“I did, as much as it pains me to admit it.” Her hands left his face, spreading onto his chest, her fingers tapping on his biceps. “You were dead. I knew that. You do not know how many tears I shed, imagining your last moments. Your last breath. That you were alone. That you were wondering where I was.” Her voice cracked and it took her three full breaths to gain control of her mind, of her words.
“You were dead, you abandoned me. It wasn’t your fault and I knew that, but you left me—left this earth, left me here alone—and I hated you for it. I hated you for not living. I hated that it was my own fault. I hated that I believed I had to go home to Gatlong Hall—and that it led to your death.”
His hands went to her wrists. “You couldn’t have known what awaited us with your father.”
“Couldn’t I? Maybe I did. Maybe I should have. I looked into the past and only remembered the good instead of remembering what he was capable of. I had forgotten all of the malevolence he possessed—chose to forget all of that bad. It was just that I was finally back in England and I wanted to forget that evil existed—forget the atrocities that I had lived among for so long. But evil knows no borders.” Her shoulders slumped with a slight shrug. “Do you know that I tried—I tried to give him the Box of Draupnir in order to be with you?”
“You did? When?”
“I had gone to Portsmouth to search for you and when I returned weeks later he said you had appeared, looking for me. He said he had welcomed you into his house. So I promised him I would give him the box if he would tell me where you were—if he would swear to leave me be and never bother us again.” Her fingernails curled into his chest, her voice lowering. “But when we got to the tree it was gone. The box was gone. That was right before he told me you were dead.”
Her head dropped forward for a long second before she lifted her gaze to him. “It tore my heart out—that you would have taken it, betrayed me. I hated you for that as well.”
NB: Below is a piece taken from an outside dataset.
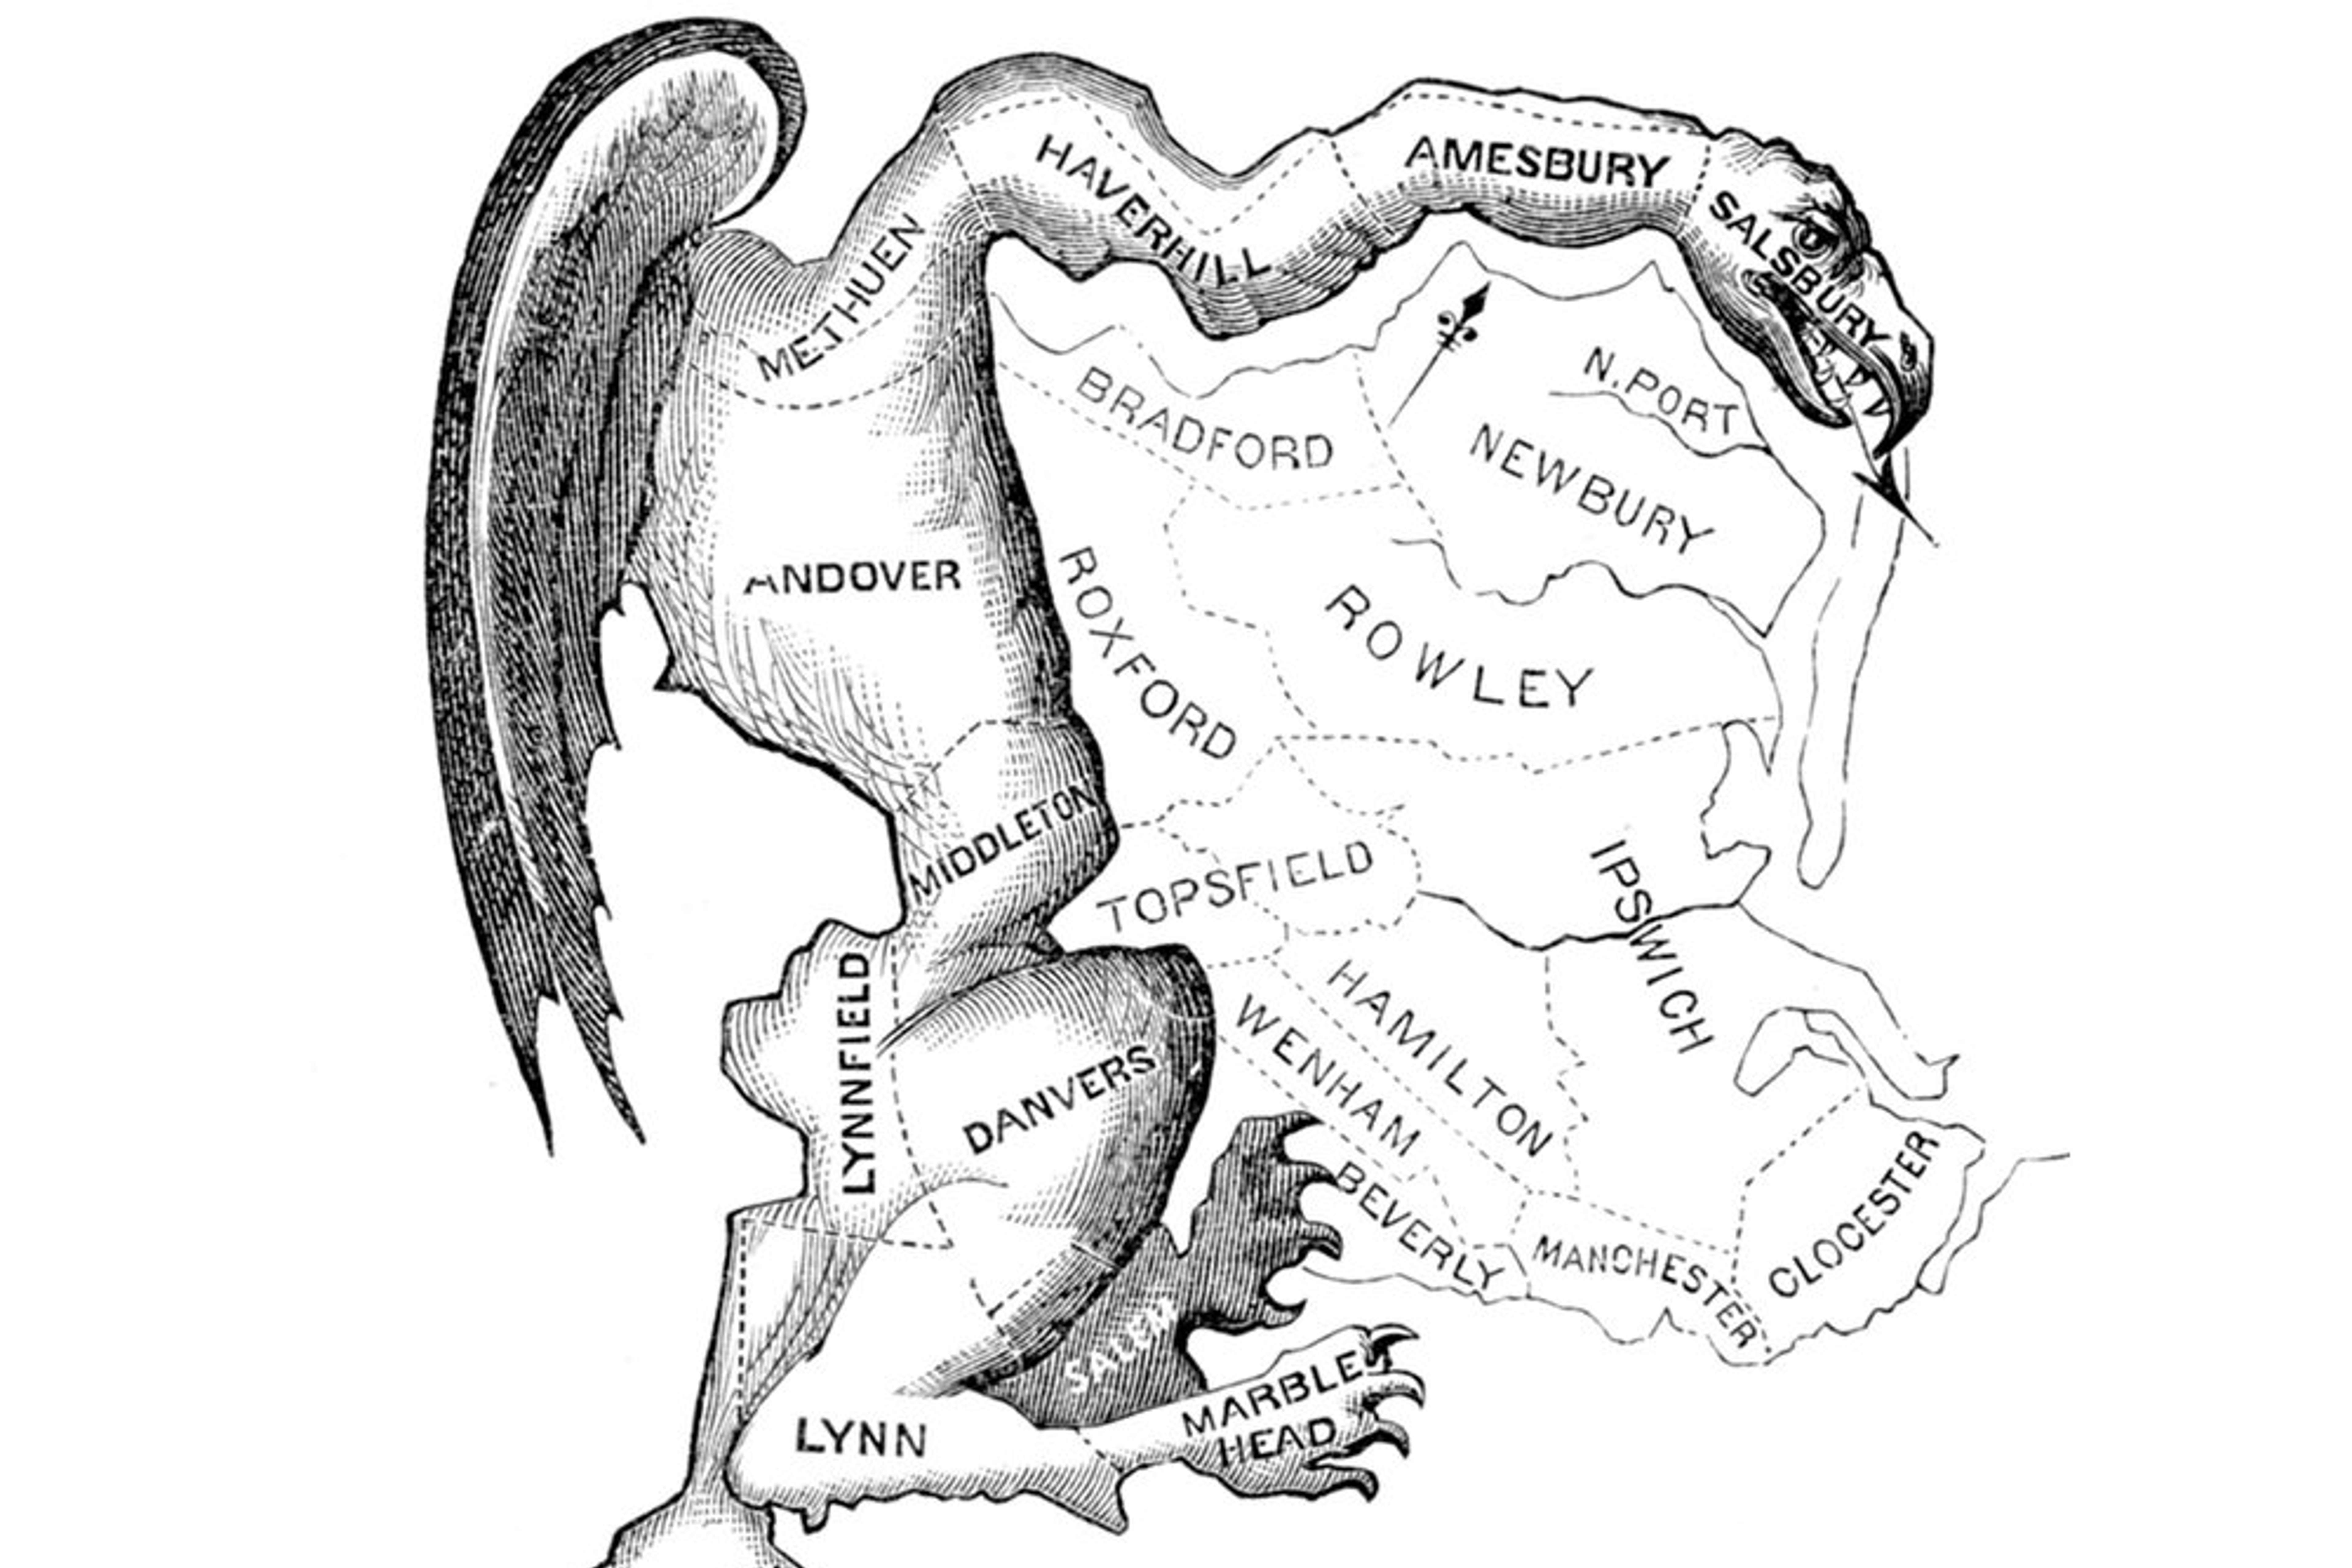 Illustration of a monster created from gerrymandering shapes in England from 1812.

His head shaking, his grip on her wrists tightened before she could pull away from him. “I never betrayed you, Jules. Never.”
“But you took it?”
“Yes, but only after I thought you had died.”
“Why?”
Des sighed, his shoulders lifting. “I took it because it was my ticket back onto theFirehawk. Back to getting lost. You were gone and that’s all I wanted again. To be lost. Lost on the sea.” A frown set into his face. “Captain Folback learned of the box—most likely from those pirates that had taken you in Plymouth—and was irate that I hadn’t handed it over to him when we were on theFirehawk. You were dead, so I thought it fine to take the box and give it to him.” His mouth pulled into a tight line. “And I never should have done it.”
“Why not?”
“I—we all paid for it, time and again.” He released her wrists and slipped his hands along her bare hips, threading his fingers together at the small of her back. “The box—the ring—ruined Captain Folback, just the same as you described it with Redthorn. Folback was obsessed on it. It worked its magic and we stumbled upon riches that we never imagined, but it ate away at his mind. He died because of it.”
Her jaw dropped. “How did he die?”
“In the most gruesome way. Too many people know about the box now, and its lore has only grown. There are men that have been after it for the last five years. One of those men decided to steal Captain Folback’s wife in a bid to get the box from him. Folback died trying to get her back.”
Her hand flew to her mouth. “Des, no.”
“It’s evil, Jules. Pure evil. The Box of Draupnir should never have seen the light of day.”
“Where is it now?”
“Hidden.”
Her heart stilled in her chest. “No, Des, no. You took it back and hid it?”
He nodded.
“But that makes it in your possession—hidden or not.”
He exhaled a wicked sigh. “What do you want me to do with it, Jules?”
“Not have it—anything to not have it. To not be responsible for it.” Her voice went frantic. “We have to get rid of it, once and for all.”
“You want to destroy it?” His eyebrows lifted.
She pulled slightly away from him, her stare going to the curve of the mahogany headboard above his head. “I don’t know. How do you get rid of a curse?”
“Jules, curses only have power if you believe they do. We can just choose to believe the box is nothing—nothing but a red stone and some flecks of gold and some brittle wood.”
Her gaze dropped to him. “But you know that isn’t the truth.”
“So what do you propose we do with it? Burn it?”